Sissi – Fateful Years of an Empress () is a 1957 Austrian film directed by Ernst Marischka and starring Romy Schneider, Karlheinz Böhm, Magda Schneider, Gustav Knuth and Josef Meinrad, costumes by  (Gerda Gottschlich). It was entered into the 1958 Cannes Film Festival.

It is the last film in the Sissi trilogy, following Sissi (1955) and Sissi – The Young Empress (1956). The director Ernst Marischka planned a fourth film, but Schneider refused to play Sissi any longer. She appeared 15 years later again as Empress Elisabeth in Luchino Visconti's 1972 film Ludwig.

Plot
Empress Elisabeth of Austria, nicknamed Sissi, enjoys travelling in Hungary. She welcomes the politically valuable friendship of Count Andrássy, but when he confesses he is in love with her, she returns to Vienna lest the relationship become too intimate. Her time in Hungary is only a temporary relief from the frustrations of court life in Vienna, where dutiful Franz Josef remains at his desk and allows his strict, domineering mother Sophie to interfere in the raising of his daughter with Sissi, Sophie. Sissi decides to return and meets Franz underway who was coming to Hungary to bring her back to Vienna. They decide to take a vacation in Bad Ischl but Sissi falls ill and is diagnosed with possibly fatal tuberculosis. On doctors' orders Franz Josef must allow his mother to remove his daughter from Sissi's keeping.

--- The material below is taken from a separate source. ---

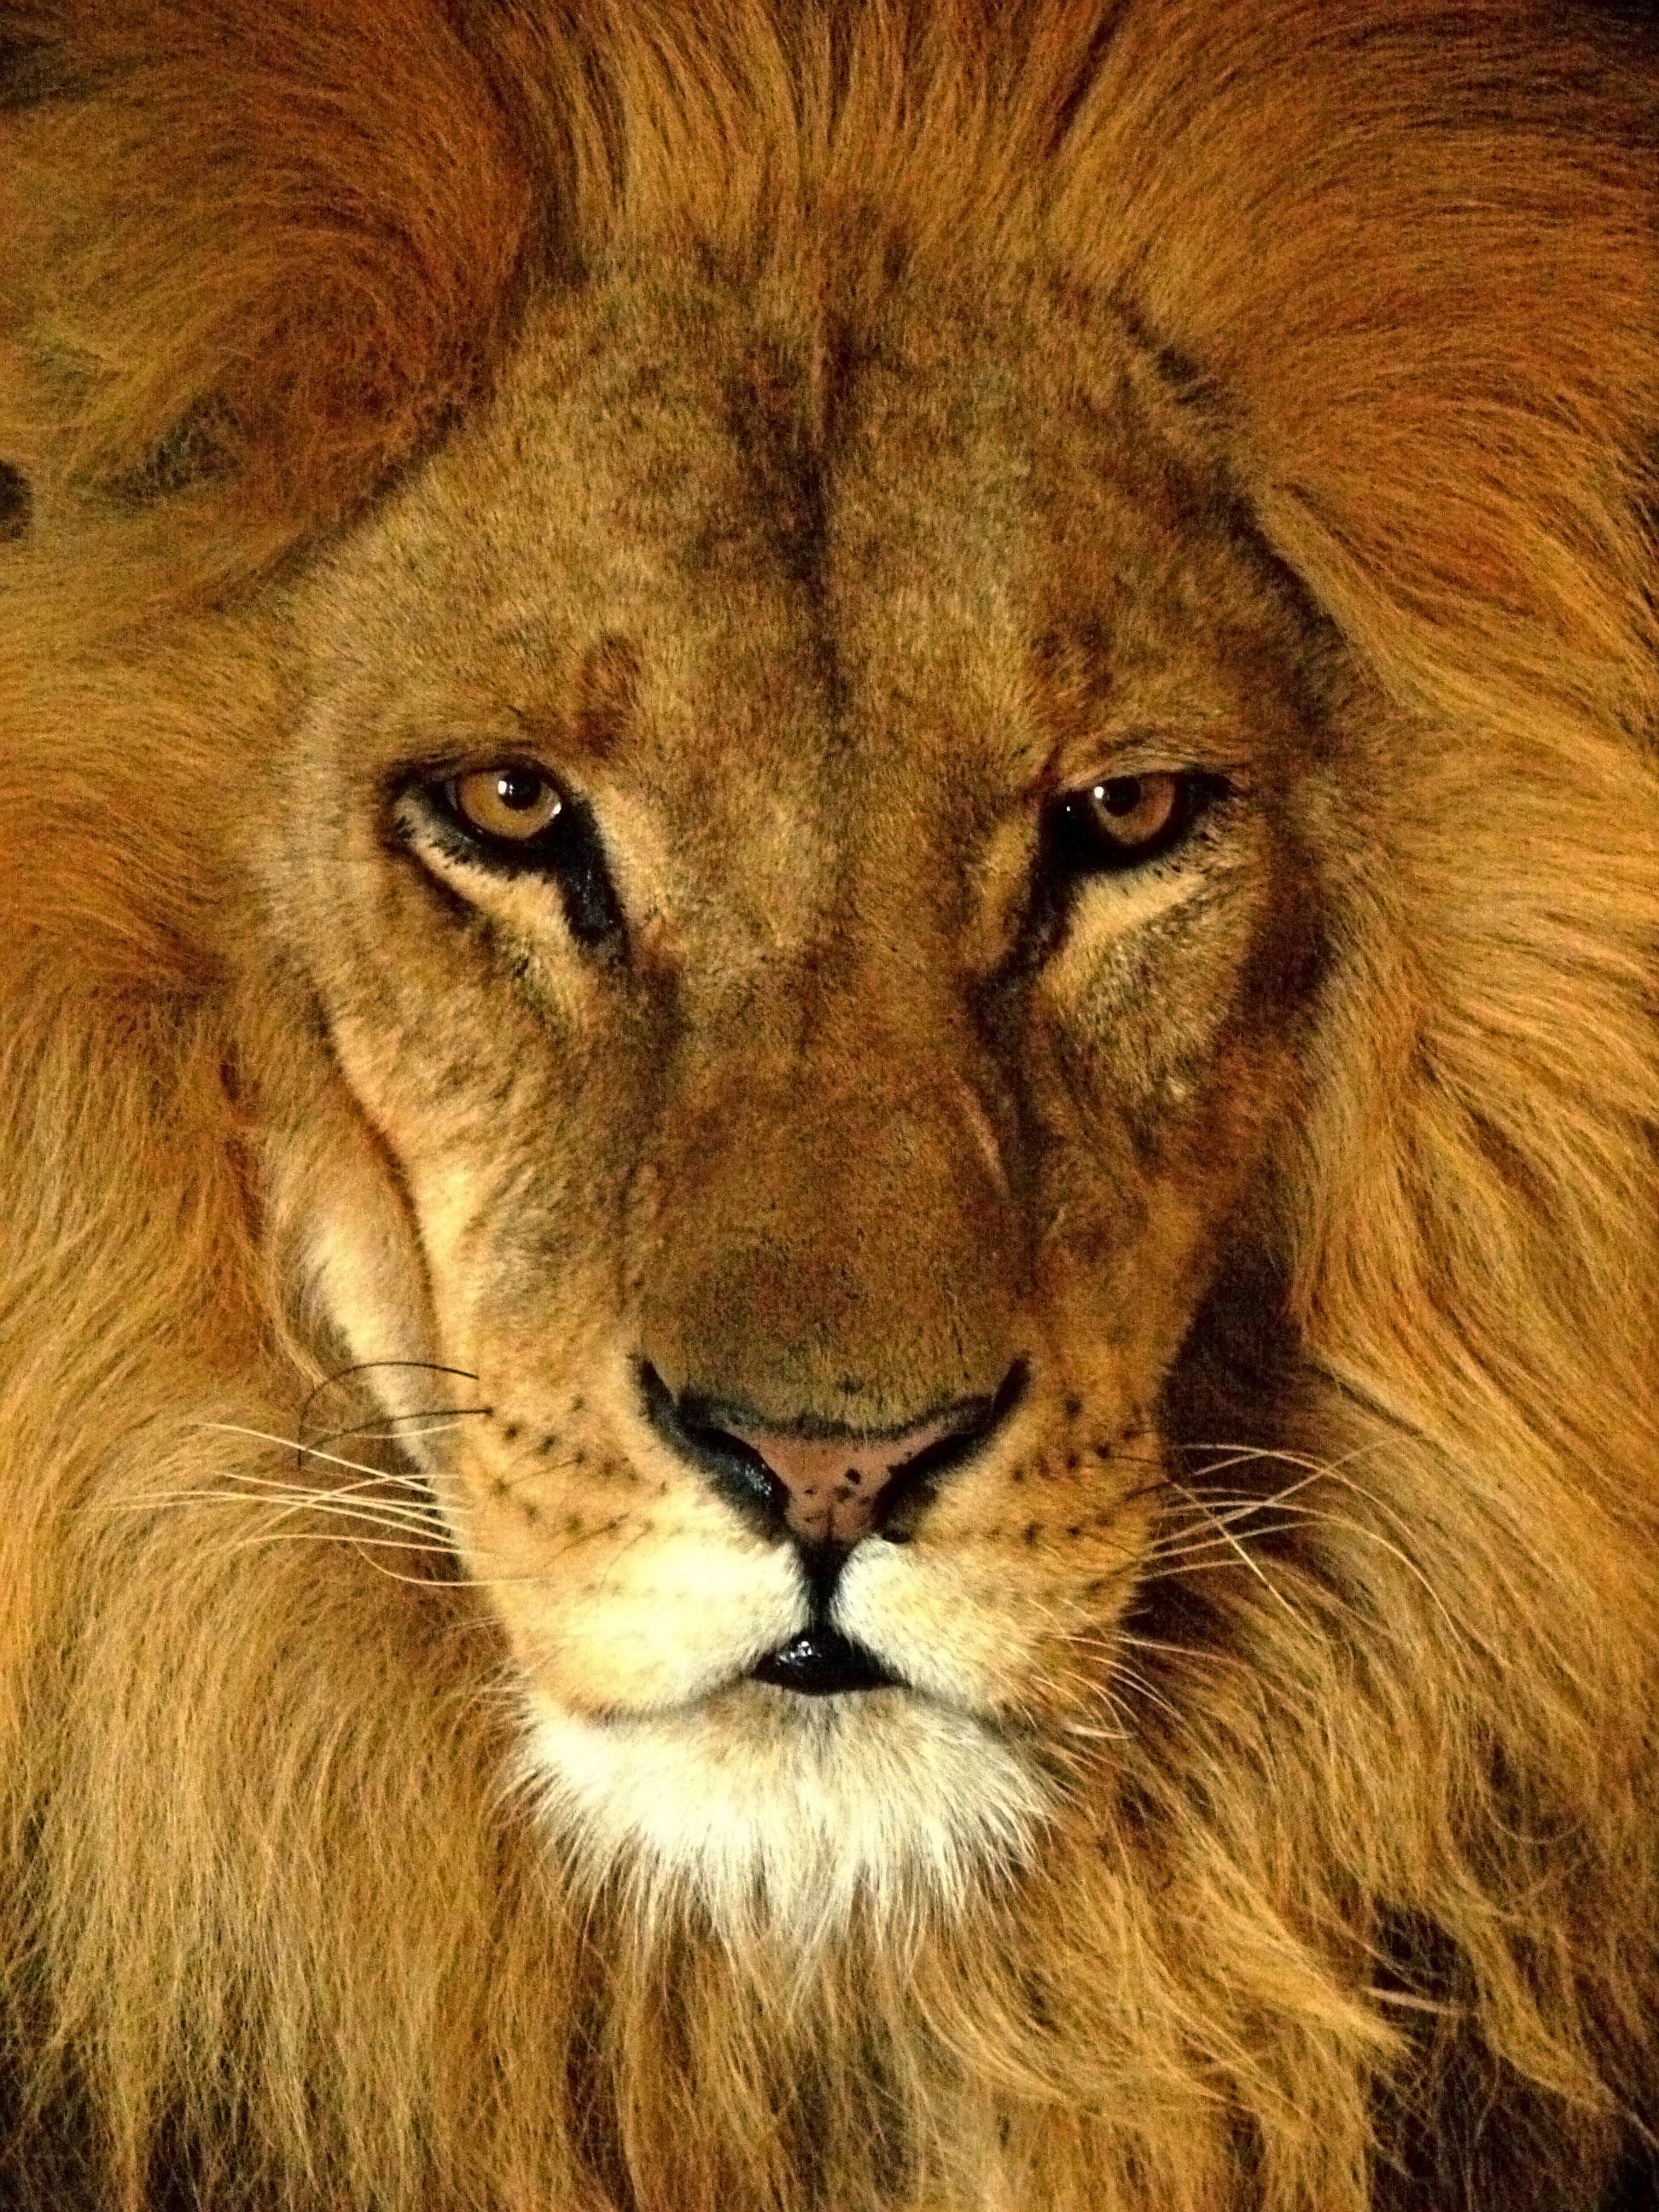 Lion head - photo#16

In poor health, deprived of the company of husband and child, Sissi is in danger of losing the will to live as she travels to healthier climates on Madeira and Corfu. Desperately needed psychosomatic therapy appears in the form of her indestructibly positive mother Ludovika, who lovingly nurses Sissi's illness and restores her zest for life by taking her on idyllic walks. Once again Oberst Böckl, the clumsy body-guard whose doting admiration for the empress borders on the improper, provides a comical note, as he does in each part of the trilogy.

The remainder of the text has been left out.